Brand dilution is the extent to which capitalizing on brand associations (e.g., by introducing brand extensions) may harm the original brand (Loken and John 1993). Brand dilution would be demonstrated most pointedly by a decrease in positive associations, or an increase in negative associations with the focal brand. However, the category itself may be diluted (e.g., as when the centralities for positive attribute nodes decrease, or those for negative attributes increase). Branded features are attributes closely associated with the host brand and are candidates to be further branded and differentiated themselves. Candidates for branded features would be those attributes high on centralityCthose that are important to the brand and category. With network methods, we could detect changes in cognitive associations regarding the parent brand. In particular, centrality indices may be used to verify that the links to the focal brand are still positive and active.

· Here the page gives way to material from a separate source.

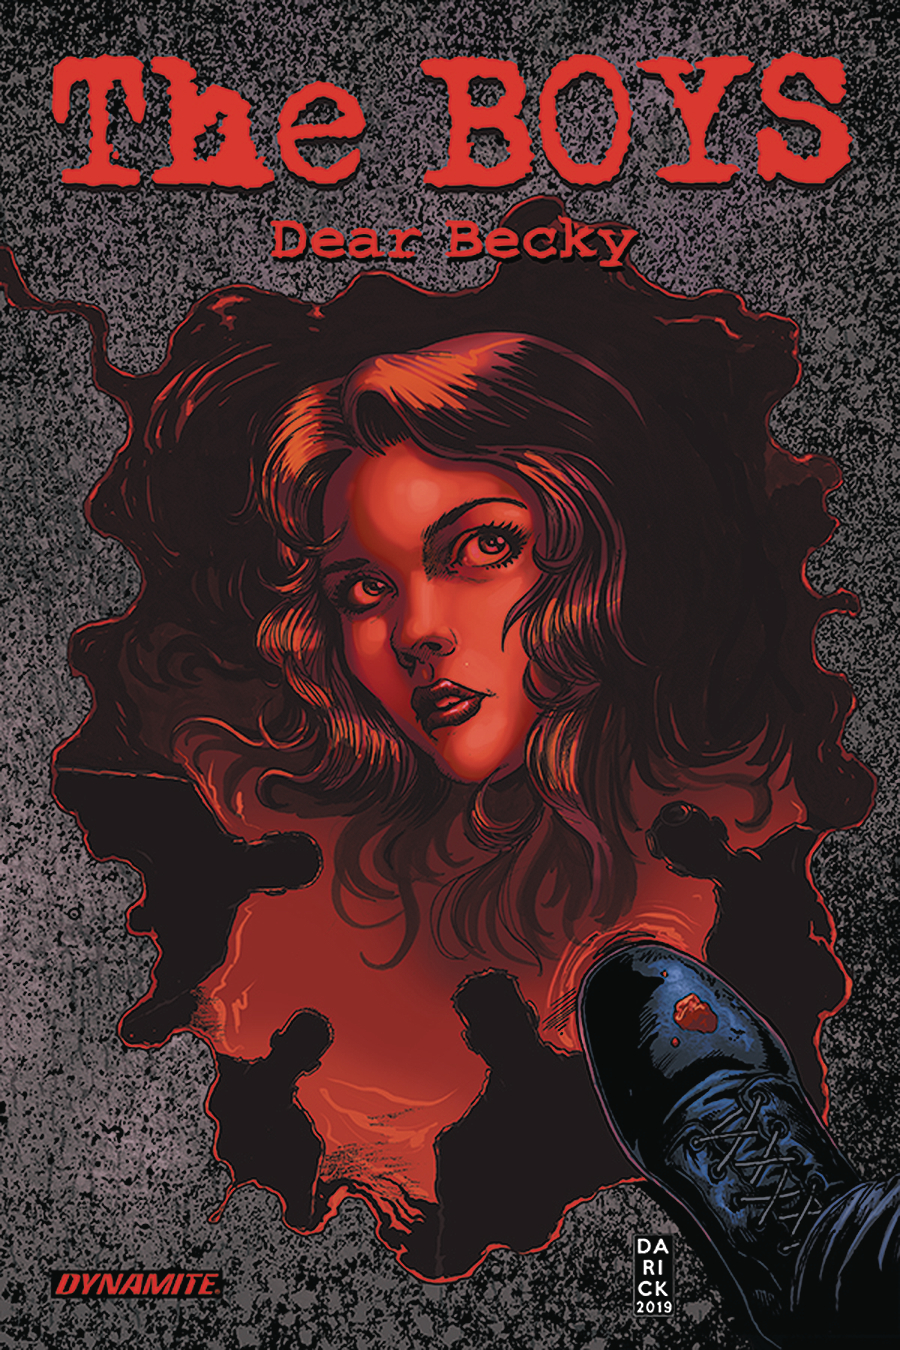 Boys Dear Becky Graphic Novel
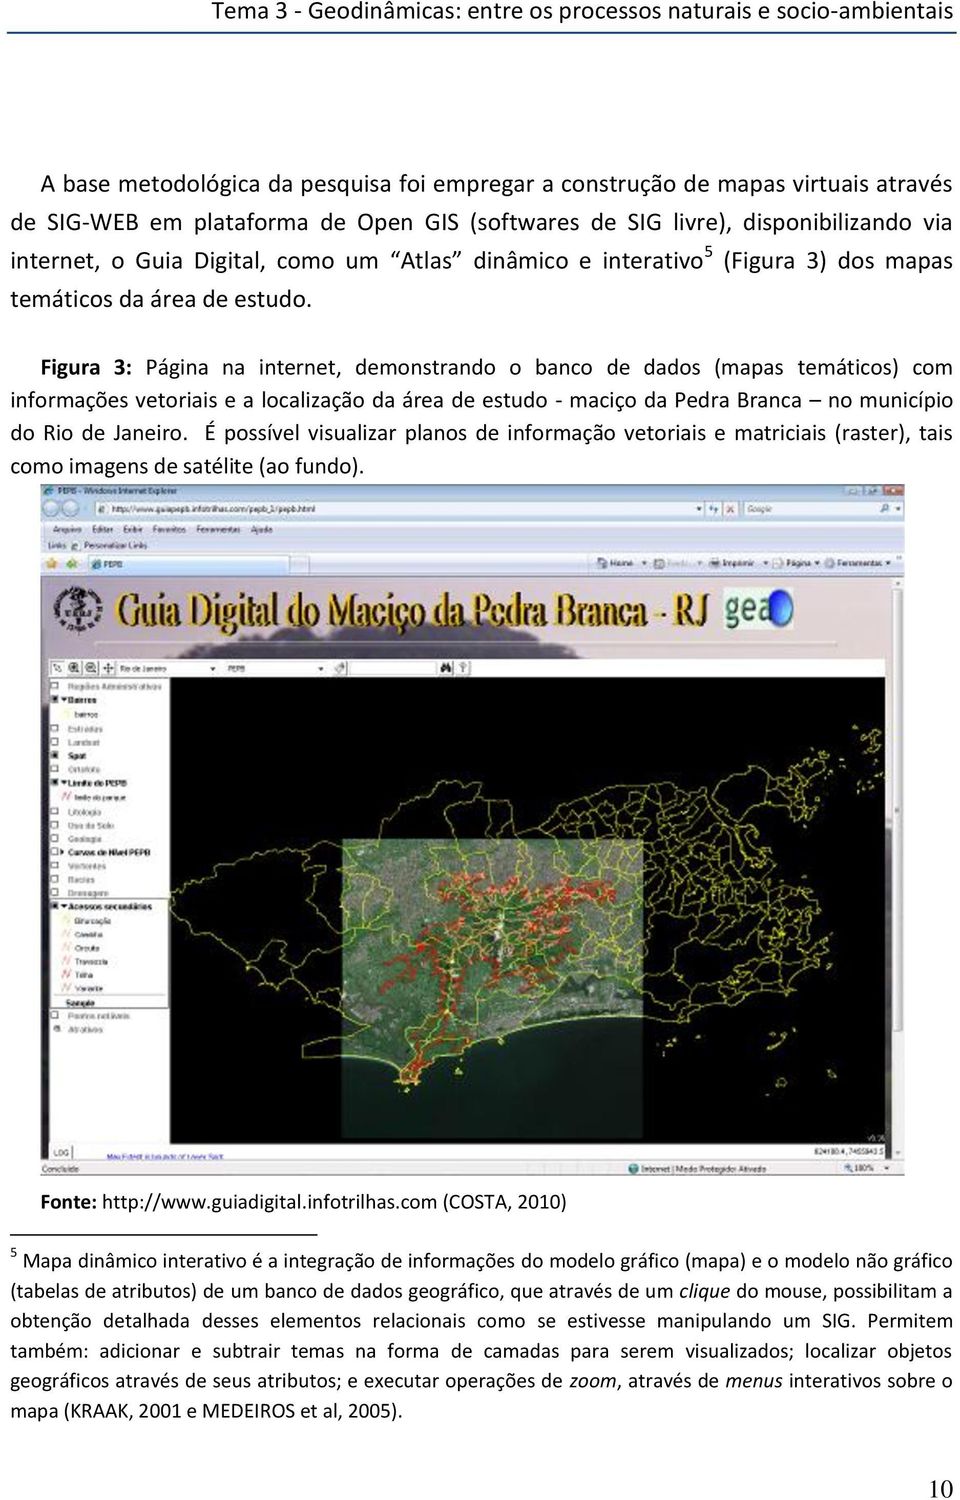 Figura 3: Página na internet, demonstrando o banco de dados (mapas temáticos) com informações vetoriais e a localização da área de estudo - maciço da Pedra Branca no município do Rio de Janeiro.

Complementary Brands: Co-Branding

Complementarity capitalizes on the associations between brands, seeking, for example, opportunities for co-branding. Co-branding effects include the use of ingredient brands or composite brands. Ingredient brands can be used as a portion of some product (e.g., an Intel Pentium Chip inside an IBM ThinkPad Notebook Computer, Starbucks coffee served aboard United Airlines flights), whereas composite brands are the "bundling of two brands to provide an enhanced consumer benefit or reduced cost" (e.g., Microsoft’s and General Electric’s MSNBC Cable/Internet offering). Cohesion associative network methods offer empirical possibilities for co-branding. Groups of attributes and brands defined on their mutually connected associations would be fitting candidates for opportunities to incorporate multiple brands. These groups reflect structures of a natural complementarity of the products that already exists in the consumer mind.

TABLE 1

DEGREE CENTRALITIES PRE- AND POST- FOR ALL THREE BRAND-EXTENSIONS

Substitutable Brands: Brand Parity, Brand Confusion, and Cannibalization

Whereas complements are brands managers seek to package together, substitutes are brands that compete with one another (Aaker and Keller 1990). Substitutability includes brand parity, brand confusion, and cannibalization. Brand parity is the perception of sameness among brands. Brand parity taken to extreme yields brand confusion: brands are indistinguishable or commodity-like, and the stimulation of one brand may evoke thoughts of another (Kapferer 1995). Cannibalization occurs when one of a firm’s brands steals share away from another.

METHOD

Below, we describe an experiment in which we explore the effect of the three Porsche brand extensions and the resultant brand associations in a pre-/post- design. Participants were graduate students in marketing. A 3 (Brand Extension Type) x 2 (pre-/post-extension response) mixed design was used. The Brand Extension Type condition represented a between-subjects manipulation whereas the pre-/post- condition was manipulated on a repeated measures basis. Participants saw an advertisement for one of three types of brand extensions: regular, family, or economy. They completed the data task before and after being exposed to the brand extension intervention.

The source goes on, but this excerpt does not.